Présidentielle ivoirienne octobre 2020 : Que peut l’opposition face aux manœuvres de Ouattara ?

Alassane Ouattara et Amadou Gon Coulibaly, le 6 novembre 2019 au palais présidentiel du Plateau

Présidentielle ivoirienne octobre 2020, Alassane Ouattara se présentera-t-il à l’élection présidentielle d’octobre 2020 ? Cette question, tous les Ivoiriens se la posent, tout comme les observateurs de la scène politique ivoirienne. Mais personne ne peut répondre avec exactitude. Le concerné lui-même, ayant entretenu le flou sur la question jusque-là.

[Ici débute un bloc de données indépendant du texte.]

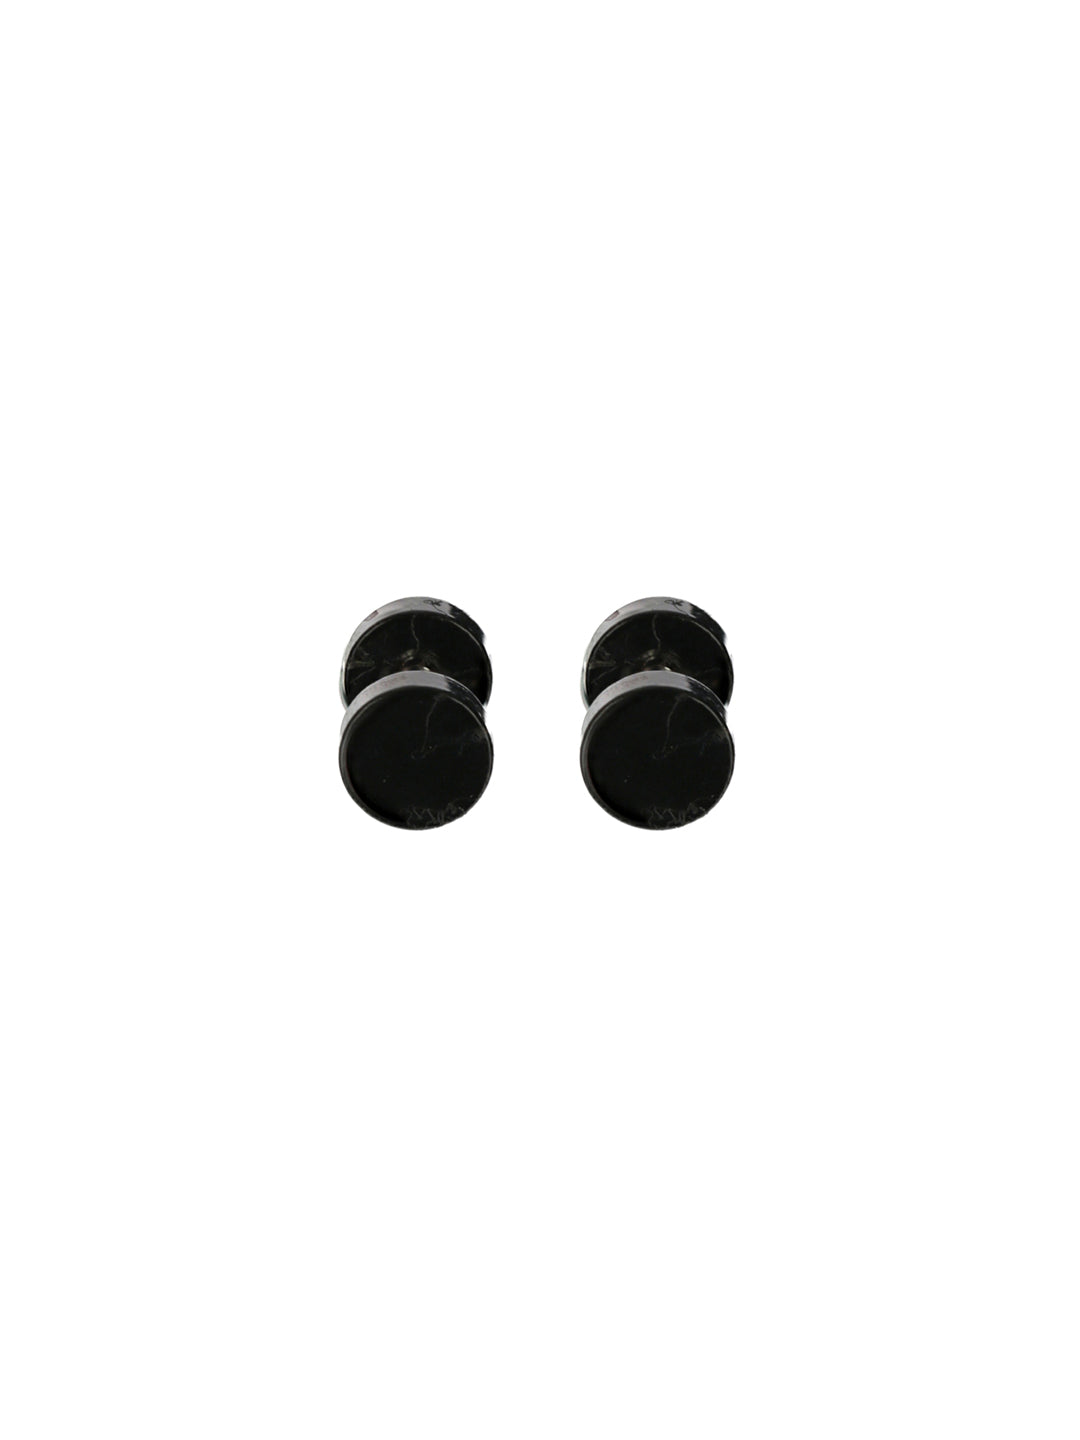 Bold by Priyaasi Black Round Stud Earrings for Men - 6 mm

Début janvier 2017, recevant le corps diplomatique accrédité en Côte d’Ivoire, à l’occasion de la cérémonie de présentation des vœux de nouvel an, Alassane Ouattara déclare : « A l’occasion de mes 75 ans, ce qui m’amène à réaffirmer que les institutions de la République qui seront mises en place très prochainement me permettront de prendre congé en 2020 ». Déjà en novembre 2017, en marge du sommet Union africaine-Union européenne, il se confie à la chaine française, France 24 en ces termes : « A priori, je ne me présenterai pas en 2020. En politique, on ne dit jamais non. Attendez 2020 pour connaître ma réponse ». Depuis lors, le doute s’est installé dans les esprits.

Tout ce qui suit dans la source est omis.